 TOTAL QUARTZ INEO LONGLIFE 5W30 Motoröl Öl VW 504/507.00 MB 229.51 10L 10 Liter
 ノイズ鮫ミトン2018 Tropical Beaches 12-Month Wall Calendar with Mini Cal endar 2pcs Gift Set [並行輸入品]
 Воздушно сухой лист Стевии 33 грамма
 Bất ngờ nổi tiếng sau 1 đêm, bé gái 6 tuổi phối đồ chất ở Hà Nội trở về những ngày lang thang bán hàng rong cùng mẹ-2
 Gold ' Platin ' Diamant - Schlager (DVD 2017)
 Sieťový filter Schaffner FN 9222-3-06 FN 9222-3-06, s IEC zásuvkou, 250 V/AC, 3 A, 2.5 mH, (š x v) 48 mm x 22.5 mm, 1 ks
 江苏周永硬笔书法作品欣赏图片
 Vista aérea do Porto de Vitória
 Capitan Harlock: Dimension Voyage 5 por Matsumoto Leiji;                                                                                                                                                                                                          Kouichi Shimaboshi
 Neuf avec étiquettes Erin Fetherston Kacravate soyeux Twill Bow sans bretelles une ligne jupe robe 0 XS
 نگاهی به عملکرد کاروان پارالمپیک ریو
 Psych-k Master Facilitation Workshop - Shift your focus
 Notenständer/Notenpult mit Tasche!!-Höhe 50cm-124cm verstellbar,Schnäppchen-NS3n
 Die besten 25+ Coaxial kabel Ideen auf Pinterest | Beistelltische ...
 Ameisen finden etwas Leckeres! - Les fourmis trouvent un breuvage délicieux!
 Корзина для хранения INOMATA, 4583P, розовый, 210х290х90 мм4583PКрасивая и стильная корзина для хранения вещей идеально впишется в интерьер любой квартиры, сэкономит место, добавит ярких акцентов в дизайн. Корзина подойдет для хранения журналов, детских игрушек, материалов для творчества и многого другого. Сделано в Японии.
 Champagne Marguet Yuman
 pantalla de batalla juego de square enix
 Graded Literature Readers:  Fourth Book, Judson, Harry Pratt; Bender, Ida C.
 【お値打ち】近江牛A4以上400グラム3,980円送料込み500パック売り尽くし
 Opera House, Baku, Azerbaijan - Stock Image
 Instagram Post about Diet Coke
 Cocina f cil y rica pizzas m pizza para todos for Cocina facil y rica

## EXERCISE DIRECTIONS
From the material above, copy exactly the lines between the line holding "Neuf avec étiquettes" and the line holding "Champagne Marguet Yuman", inclusive, and only those.

## EXERCISE ANSWER
 Neuf avec étiquettes Erin Fetherston Kacravate soyeux Twill Bow sans bretelles une ligne jupe robe 0 XS
 نگاهی به عملکرد کاروان پارالمپیک ریو
 Psych-k Master Facilitation Workshop - Shift your focus
 Notenständer/Notenpult mit Tasche!!-Höhe 50cm-124cm verstellbar,Schnäppchen-NS3n
 Die besten 25+ Coaxial kabel Ideen auf Pinterest | Beistelltische ...
 Ameisen finden etwas Leckeres! - Les fourmis trouvent un breuvage délicieux!
 Корзина для хранения INOMATA, 4583P, розовый, 210х290х90 мм4583PКрасивая и стильная корзина для хранения вещей идеально впишется в интерьер любой квартиры, сэкономит место, добавит ярких акцентов в дизайн. Корзина подойдет для хранения журналов, детских игрушек, материалов для творчества и многого другого. Сделано в Японии.
 Champagne Marguet Yuman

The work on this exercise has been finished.